Figure 2. Pathophysiology of T2DMl

Of course nonpharmacological approaches are critically important too, especially appropriate intake of carbohydrates as well as regular physical activity to stimulate muscle uptake of glucose. However, older adults may have more difficulty engaging in these behaviors due to loss of access to good food. Poor dietary habits may be firmly established and hard to change at an older age. Physical activity may be more difficult due to comorbidities and an established, sedentary lifestyle. In addition to lifestyle changes, pharmacological agents must also be considered.

In the late 1980s, only 2 general classes of agents were approved in the United States: insulin and sulfonylureas. During the past 20 years we have seen an explosion in the number of drugs, as well as entirely new classes of drugs.

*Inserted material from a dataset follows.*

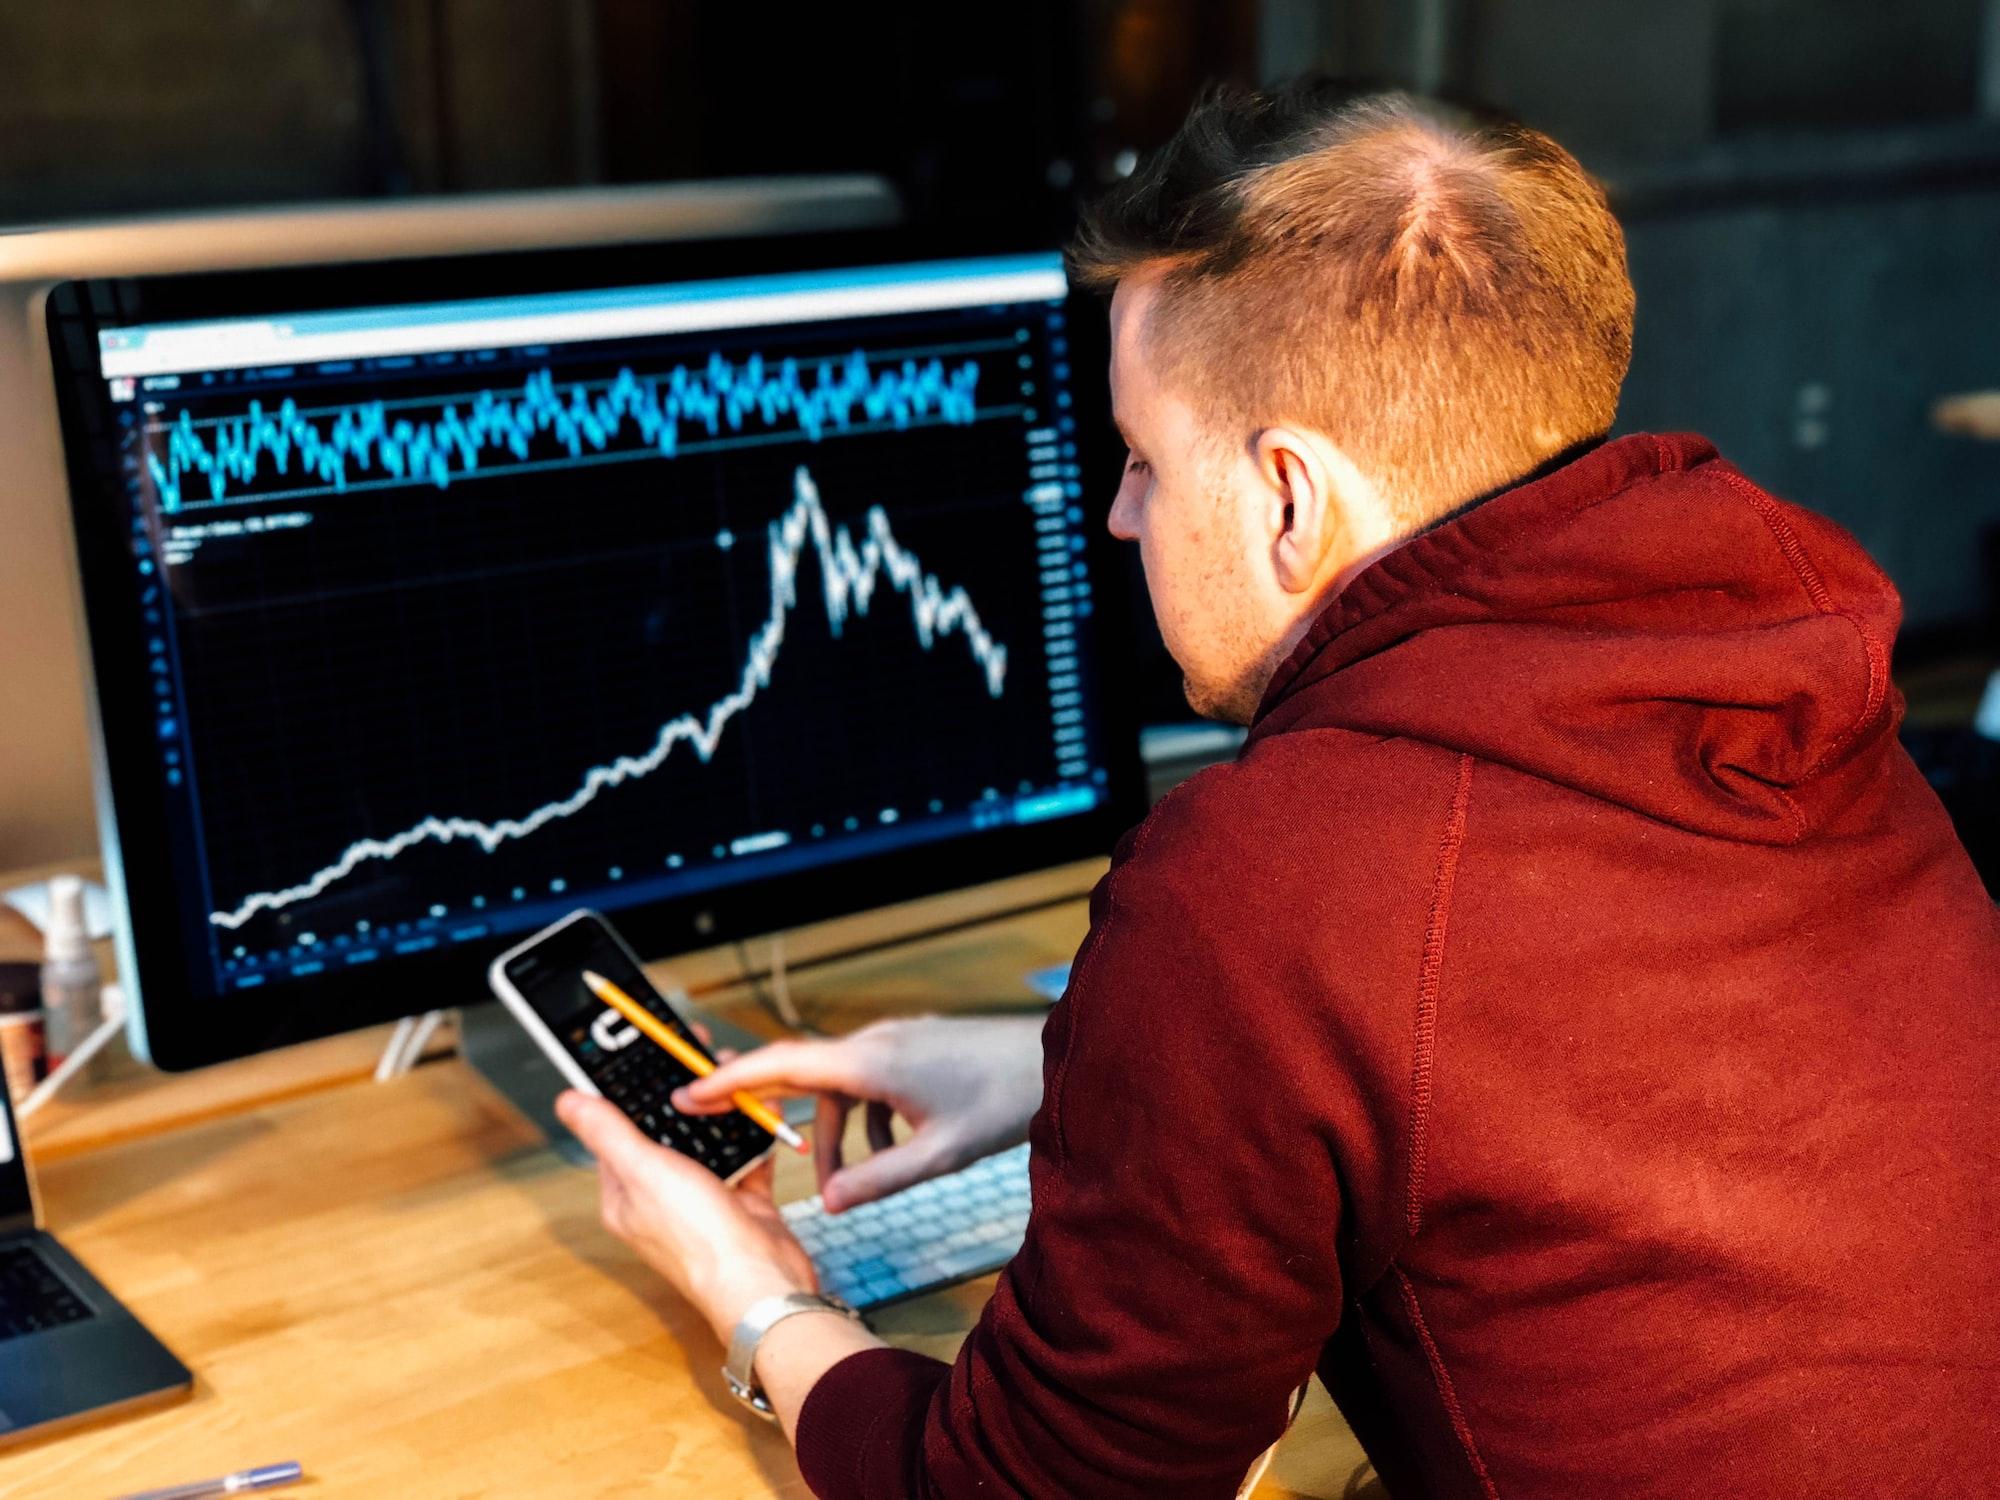 CS:GO Trading vs. CS:GO Investing

Metformin, introduced in the mid-1990s, continues to be our workhorse. Others include alpha-glucosidase inhibitors and insulin analogs. Meglitanides were introduced in the late 1990s and have largely fallen out of favor. Sulfonylureas, introduced in the 1950s, are also falling out of favor. The thiazolidinediones (TZDs) were introduced in 1999 and became very widely used but are now declining in frequency of use for many reasons.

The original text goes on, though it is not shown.